A - (MENTRE SI SPEZZA IL PANE) Agnello di Dio, che togli i peccati del mondo, abbi pietà di noi. Agnello di Dio, che togli i peccati del mondo, abbi pietà di noi. Agnello di Dio, che togli i peccati del mondo, dona a noi la pace.

C - Ecco l'Agnello di Dio, ecco colui che toglie i pec­cati del mondo. Beati gli invitati alla cena dell'Agnello. A - O Signore, non sono degno di partecipare alla tua mensa, ma di' soltanto una parola e io sarò salvato.

Antifona alla Comunione cfr Mc 10,45  

Il Figlio dell'uomo è venuto per dare la propria vita in riscatto per molti.

   

 

Dopo la Comunione  

C - Preghiamo. La partecipazione ai doni del cielo, o Signore, ci ottenga gli aiuti necessari alla vita presente nella speranza dei beni eterni. Per Cristo nostro Signore.          

A - Amen.

   

RITI DI CONCLUSIONE

   

C - Il Signore sia con voi.

A - E con il tuo spirito.

C - Vi benedica Dio onnipotente, Padre Figlio e Spirito Santo.          

A - Amen.

C - Glorificate il Signore con la vostra vita. Andate in pace.  

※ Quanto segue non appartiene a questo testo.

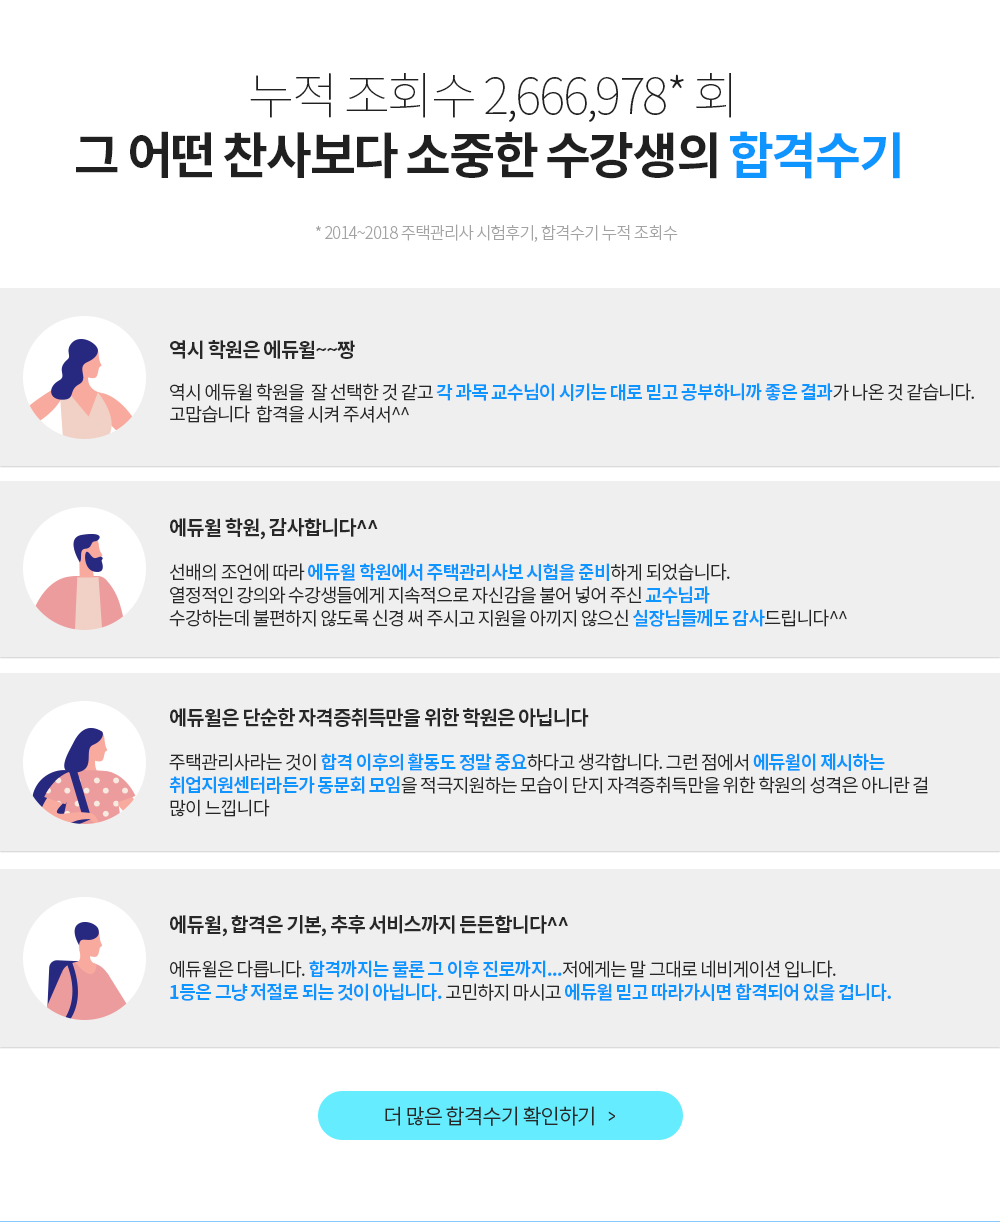 결과로 증명하는 합격력 에듀윌 수강생들의 합격 수기

A - Rendiamo grazie a Dio.

   

CANTI

   

VIENI FRATELLO

Rit. - Vieni, fratello, il Padre ti chiama, vieni alla cena, c'è un posto anche per te.

1. Al nuovo banchetto Dio chiama i figli suoi: Parola e Pane: questo è il dono del Signor! Rit.

2. Il Pane è Cristo, il vino è il Sangue suo: con gioia andiamo alla mensa del Signor. Rit.

O SIGNORE, RACCOGLI

Rit. O Signore, raccogli i tuoi figli, nella Chiesa i dispersi raduna.

1. Come il grano nell'ostia si fonde / e diventa un solo pane / come l'uva nel torchio si preme / per un unico vino. Rit.

2. Come in tutte le nostre famiglie / ci riunisce l'a­more / e i fratelli si trovano insieme / ad un'unica mensa. Rit.

NOBILE SANTA CHIESA

Rit. Nobile santa Chiesa, regno d'amor, dona la terra a Cristo trionfator.

1. Il Signore t'ha scelta nel mondo qual segno: alle terre lontane è aperto il tuo regno. Rit.

2. Dalle sacre tue mura agli estremi orizzonti a te accorron le genti, dai mari e dai monti. Rit.